Les journaux avaient fait leur Une avec ce que l’on connaissait désormais sous le nom de « La tuerie de Quimper ».
Deux morts par balles au cours d’une fusillade sur les marches du palais. Du jamais vu !
L’affaire avait eu un grand retentissement, jusqu’au Courrier International qui s’était fait l’écho de ce dramatique fait divers, n’hésitant pas à évoquer un « regrettable cafouillage » au tribunal de Quimper.
Quant à la responsabilité de ce « cafouillage », les commentateurs restaient prudemment dans le vague ; le lecteur jugerait, choisissant au gré de ses convictions politiques, soit une défaillance des forces de police, soit une réaction au « laxisme » de la justice envers des personnalités « intouchables ».
En lisant cela dans son petit bureau du commissariat, le commandant Lester se dit que l’institution judiciaire, qui n’aimait pas ce genre de publicité, devait être en effervescence et qu’en conséquence, l’humeur de la juge Laurier ne devait pas être au beau fixe.
Face à elle, le capitaine Fortin ne se posait pas de questions : le possible « grand chelem » du XV de France dans le Tournoi des Six Nations était, dans l’instant, son principal centre d’intérêt et il soupesait dans L’Équipe, son journal favori, étalé devant lui, les avis des « experts » avec attention. La mère Laurier était donc bien loin de ses préoccupations. D’ailleurs, ces chicayas concernaient essentiellement le commandant Lester car elle était la seule à oser argumenter contre la redoutable magistrate. Le reste du commissariat, le divisionnaire Fabien compris, s’écrasait prudemment quand les attentions de la juge se dirigeaient vers « l’usine ».
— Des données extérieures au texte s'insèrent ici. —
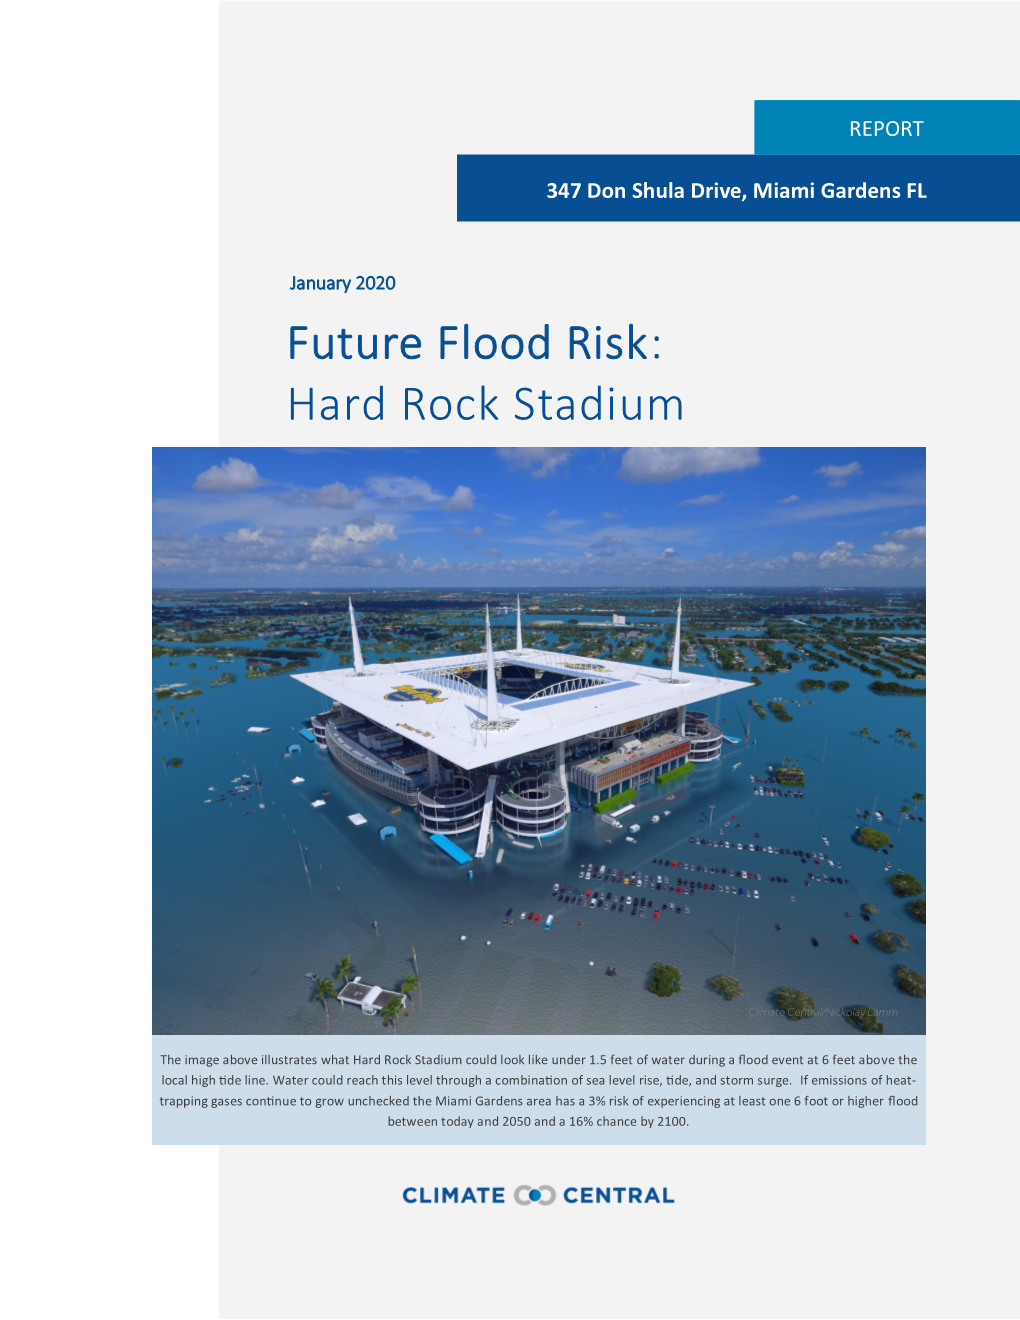 Future Flood Risk: Hard Rock Stadium

Pour autant, elle n’avait pas encore relancé Mary et ses humeurs devaient se déverser sur sa greffière, la pauvre petite madame Guyon, son souffre-douleur habituel. Ce furent les journalistes qui se chargèrent de demander des éclaircissements au commandant Lester. La presse écrite fut poliment mais fermement éconduite par le lieutenant Jeanne de Longueville qui avait accepté le rôle délicat de filtre. La télé, débarquant en grand arroi aux portes du commissariat, contraignit pourtant le commandant Lester à sortir du bois.

Publié en avril 2021 aux éditions du Palémon, le n°58 des volumes consacrés au commandant Mary Lester (sa 47ème enquête si l’on tient compte des volumes doubles occupant deux numéros, qui se sont multipliés ces dix dernières années dans la série), débute, ce qui est fort rare chez l’auteur Jean Failler, par un prologue constituant de facto un épilogue à l’enquête précédente (« Retour au pays maudit », n° 56-57), lui-même continuation directe de « Au rendez-vous de la Marquise » (n° 55).

Après ce long enchaînement de péripéties liées entre elles, Mary Lester, soupçonnée par la puissante juge quimpéroise Laurier d’avoir joué un rôle dans les tout récents déboires d’un protagoniste des volumes précédents qui s’était presque faufilé à travers les mailles du filet judiciaire, va se « mettre au vert » à Belle-Île, où l’attend une enquête potentiellement très « politique », sollicitée discrètement par son protecteur occasionnel, le puissant haut fonctionnaire et désormais conseiller présidentiel Ludovic Mervent. Là, accompagnée pour les besoins d’une discrète mise en scène par sa voisine et cuisinière Amandine transformée en riche retraitée dont le toujours jeune commandant de police serait la dame de compagnie et factotum, elle va devoir résoudre le mystère entourant la chute d’abord réputée accidentelle ou suicidaire, depuis le balcon de son propre hôtel de luxe, de l’épouse d’un sénateur local, longtemps puissance dominante du Vannetais, terminant paisiblement ses jours dans un EHPAD du continent.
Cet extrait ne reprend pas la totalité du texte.